Graph-Based Pangenome of Actinidia chinensis Reveals Structural Variations Mediating Fruit Degreening
Published:06 Jun.2024    Source:Advanced Science
Fruit ripening is associated with the degreening process (loss of chlorophyll) that occurs in most fruit species. Kiwifruit is one of the special species whose fruits may maintain green flesh by accumulating a large amount of chlorophyll even after ripening. However, little is known about the genetic variations related to the fruit degreening process.
Here, a graph-based kiwifruit pangenome by analyzing 14 chromosome-scale haplotype-resolved genome assemblies from seven representative cultivars or lines in Actinidia chinensis is built.
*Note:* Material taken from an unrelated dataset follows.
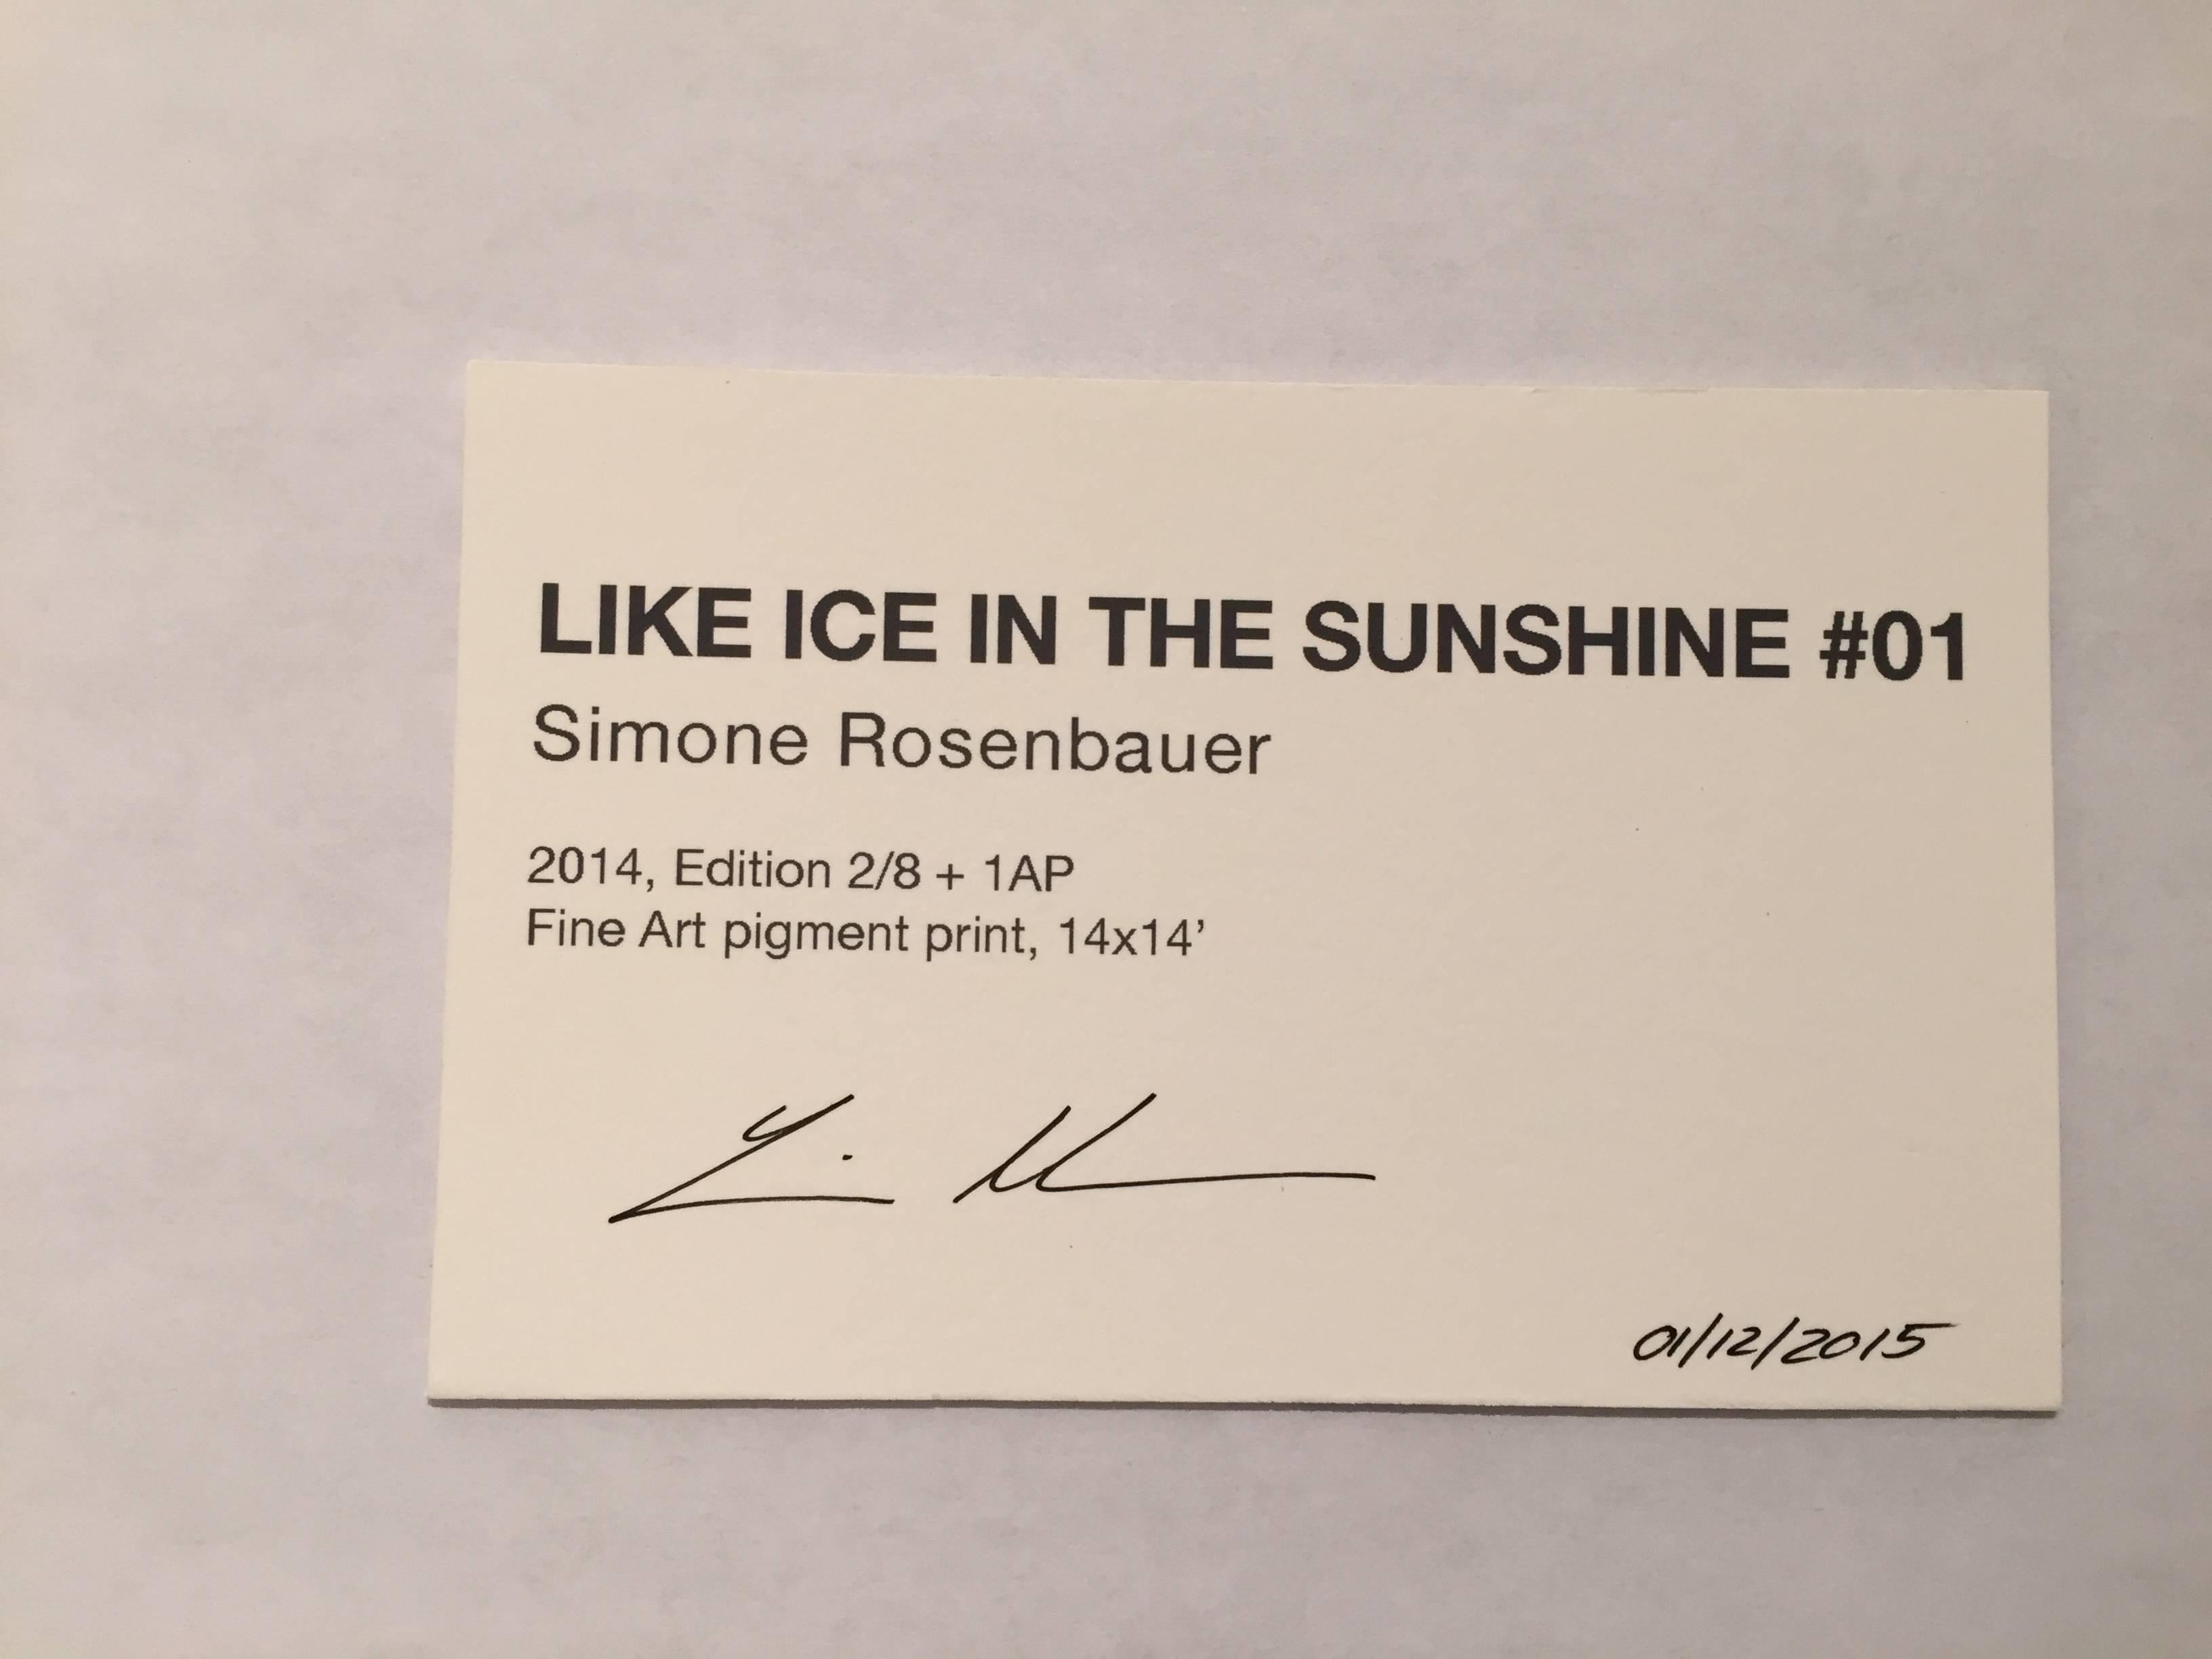 Comme de la glace dans le soleil n° 01 - Photograph de Simone Rosenbauer

A total of 49 770 non-redundant gene families are identified, with core genes constituting 46.6%, and dispensable genes constituting 53.4%. A total of 84 591 non-redundant structural variations (SVs) are identified. The pangenome graph integrating both reference genome sequences and variant information facilitates the identification of SVs related to fruit color.
The SV in the promoter of the AcBCM gene determines its high expression in the late developmental stage of fruits, which causes chlorophyll accumulation in the green-flesh fruits by post-translationally regulating AcSGR2, a key enzyme of chlorophyll catabolism. Taken together, a high-quality pangenome is constructed, unraveled numerous genetic variations, and identified a novel SV mediating fruit coloration and fruit quality, providing valuable information for further investigating genome evolution and domestication, QTL genes function, and genomics-assisted breeding.